Technical Abstract: Spatial variation of available soil water has important environmental and economic effects and implications by affecting crop yield and quality and effective fertilization recommendation. Studies show that no-tillage (NT) practices, compared to conventional tillage (CT), can result in more soil water storage by retaining more snow in stubble, enhancing infiltration and reducing evaporation. We hypothesize that the residue also affects the spatial variation of soil water.
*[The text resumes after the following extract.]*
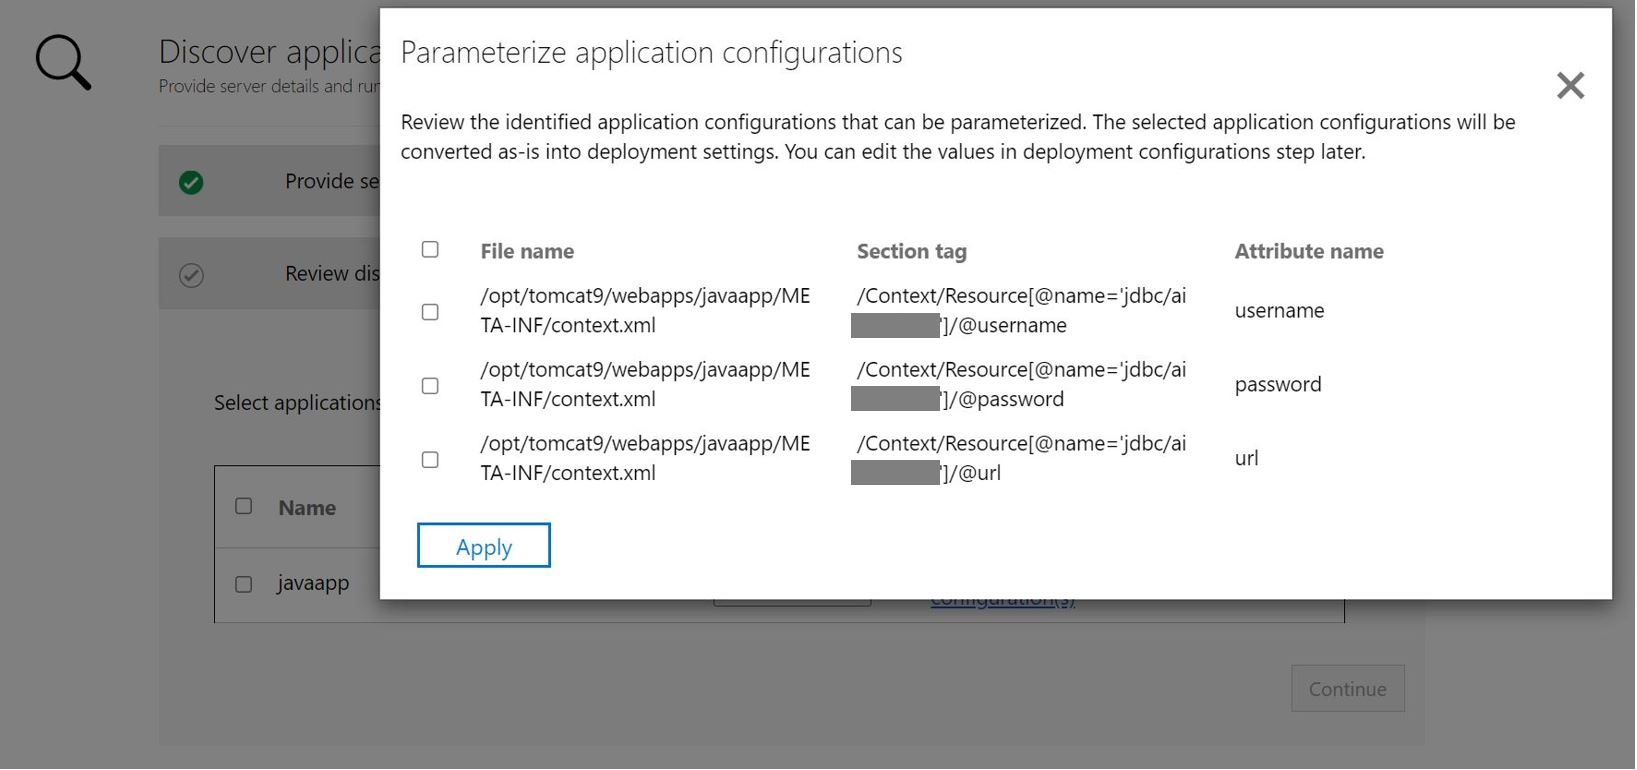 Captura de tela do aplicativo ASP.NET de parametrização da configuração do aplicativo.

Our objectives were to evaluate residue effects on snow redistribution and the spatial variation of soil water in the Palouse area of the PNW. Two side-by-side farms near Pullman, WA, one under NT, the other under CT, were surveyed for snow depth, snow water equivalent (SWE), and resultant soil water storage during the winter season of 2007–2008. Results indicated that snow pack on average was distributed more evenly and had less spatial variation under NT. Compared to CT, NT retained 10–20 cm more snow by its standing residue on the ridge top. Snow water equivalents followed the same pattern of larger spatial variation in CT. The resultant soil water in the spring was the lowest on the ridge top areas, and highest in valleys in both treatments. However, under CT, soil water on the ridge top area was 6% less than, and in valleys 17% more than, the average over the whole treatment. Such variation was much smaller in NT where soil water on the ridge top was only 4% less than, and in valleys 6% more than, the average. Although many factors may have contributed to the spatial variation of soil water, residues under NT retarded the generation of runoff, retained more snow on the ridge top and steep-sloped areas, and likely reduced the soil water spatial variation.